In another instance, it took a court order before the governor’s director of public safety, Larry Keefe, turned over records showing he conducted state business with a private email account — an email address with the alias “Clarice Starling” — a reference to the Jodie Foster character in “The Silence of the Lambs.” The records suggest that Keefe wrote some of the language that the private contractor, Vertol Systems Company, used in its bid proposal for the project.

Many legal fights continue.

FLCGA has filed a lawsuit against New College of Florida and one of its new trustees, Christopher Rufo, accusing it of withholding public records in violation of state law.

In October, Circuit Judge J. Lee Marsh ordered the governor’s office and the governor’s chief of staff, James Uthmeier, to turn over records, including phone and text logs relating to the governor’s plan to relocate 49 migrants from San Antonio to Martha’s Vineyard.

The governor’s lawyers turned over phone bills for what appears to be a cellular account for someone in the governor’s office but not the “messages sent or received from private devices,” including the phone used by Uthmeier to communicate about the migrant flights, as the judge ruled.

FLGCA is now suing the governor for contempt.

Citing volume of requests for delays in responding

Despite the court battles, the governor’s agencies often cite enormous backlogs and lack of staffing to be able to fulfill public-records requests.

In November, the Miami Herald/Tampa Bay Times Tallahassee Bureau asked for the Florida Department of Law Enforcement’s version of the governor’s daily schedule for the last weeks of his reelection campaign.

Last week, FDLE responded that there were 527 unfilled public records that had been received prior to the Herald/Times’ request and “due to the sheer volume and serious staffing shortage, we are unable to provide a fulfillment date.”

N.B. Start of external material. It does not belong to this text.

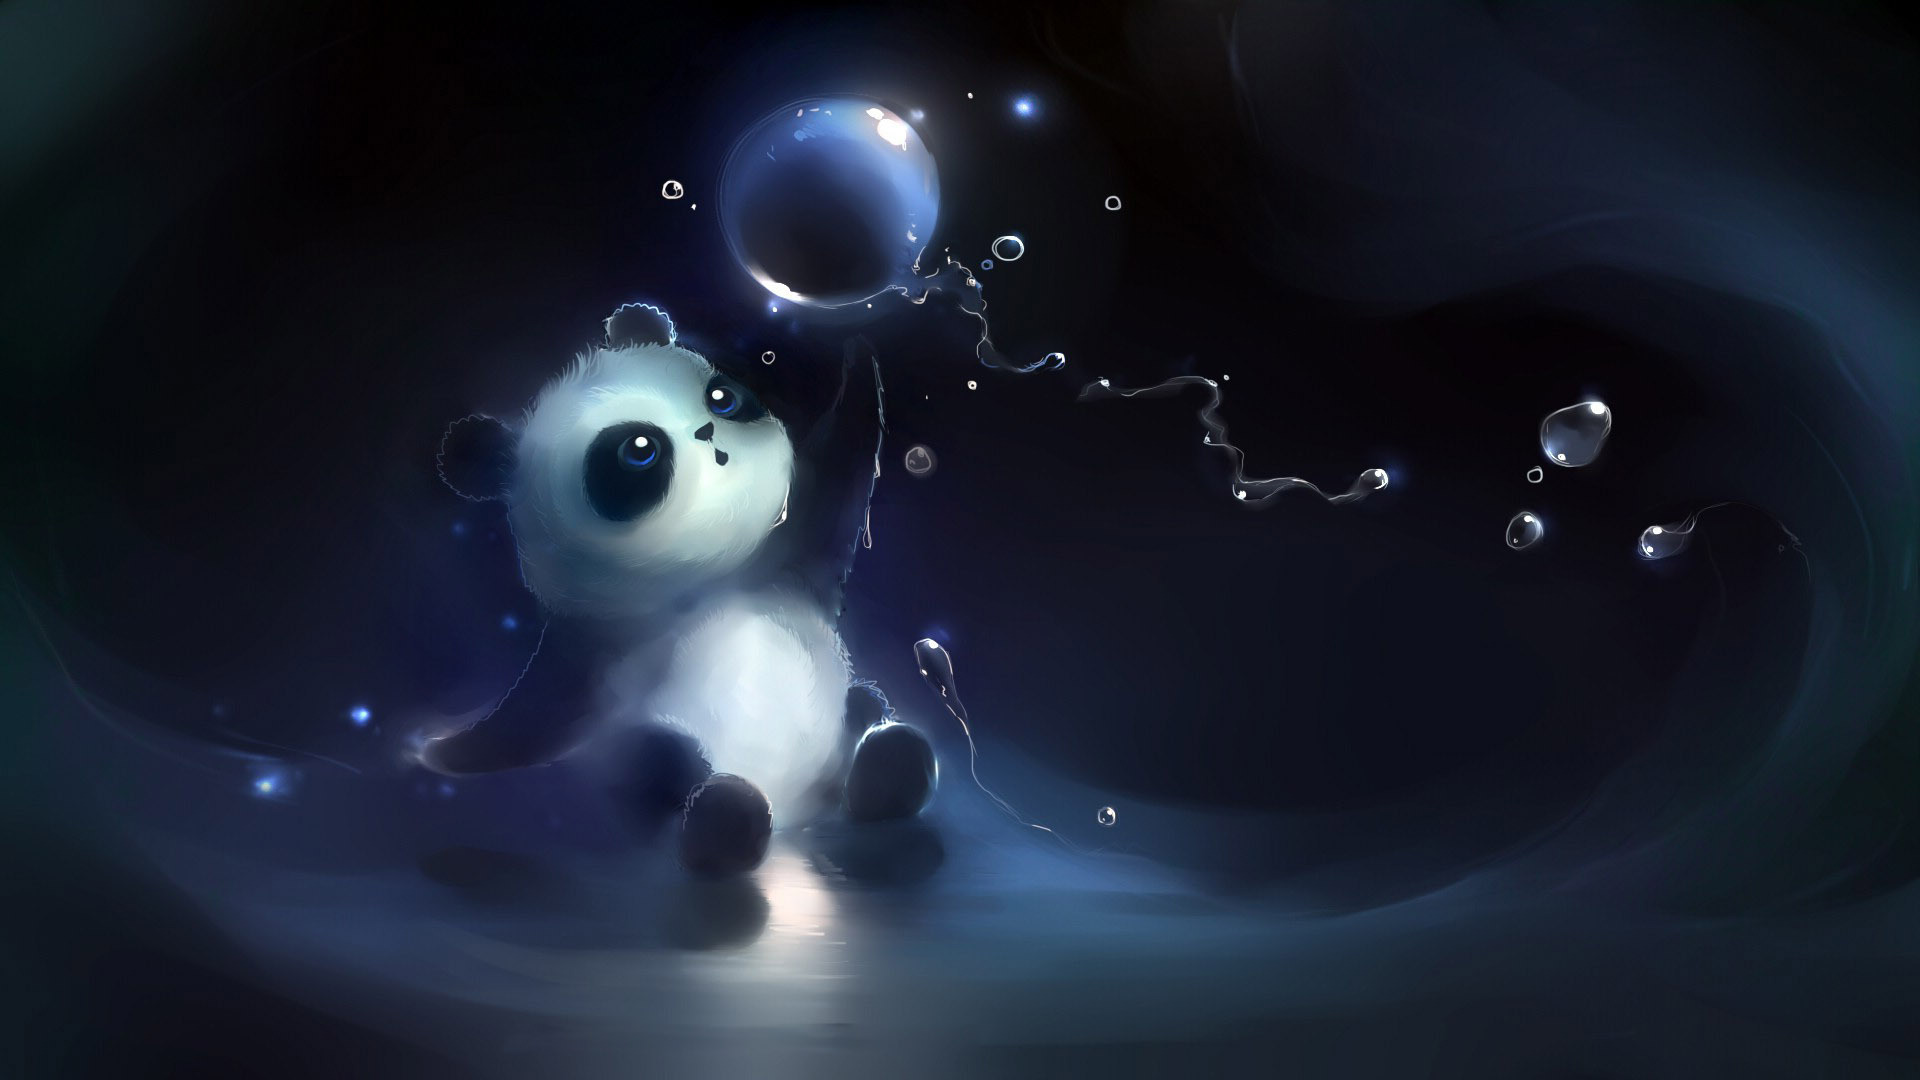 Cartoon Dowload Desktop Panda Bear Image Wallpaper

The state’s Sunshine Act doesn’t specify how long public officials have to turn over records, except that it must be “within a reasonable time.” In 1984, the Florida Supreme Court ruled that the “only delay” permitted in producing public records is the time it takes for a records custodian to retrieve the document and redact any information exempt from its release.

DeForest, who covers the Orlando region, worries that if the governor is able to delay records on the state level by failing to provide the resources to meet the need, “what example is he setting for counties and cities and municipalities about their need to turn over public records quickly?”

Sen. Lori Berman, a West Palm Beach Democrat, said there are more than three dozen records exemption bills filed this year that she said will allow the state to shield even more from the public.

Because the governor and his staff often routinely refuse to answer basic questions from the public and reporters about their operations and intent, people file records requests just to get answers to things that could be handled with more transparency, she said.

For example, unlike other governors, DeSantis does not release his public schedule in advance, so the public often doesn’t know his whereabouts unless his press office announces a news conference.

“Those events are often not accessible to the public, and I feel like people are there more because it’s like a campaign event than a public event,’’ Berman said. “That’s a real slippery slope.”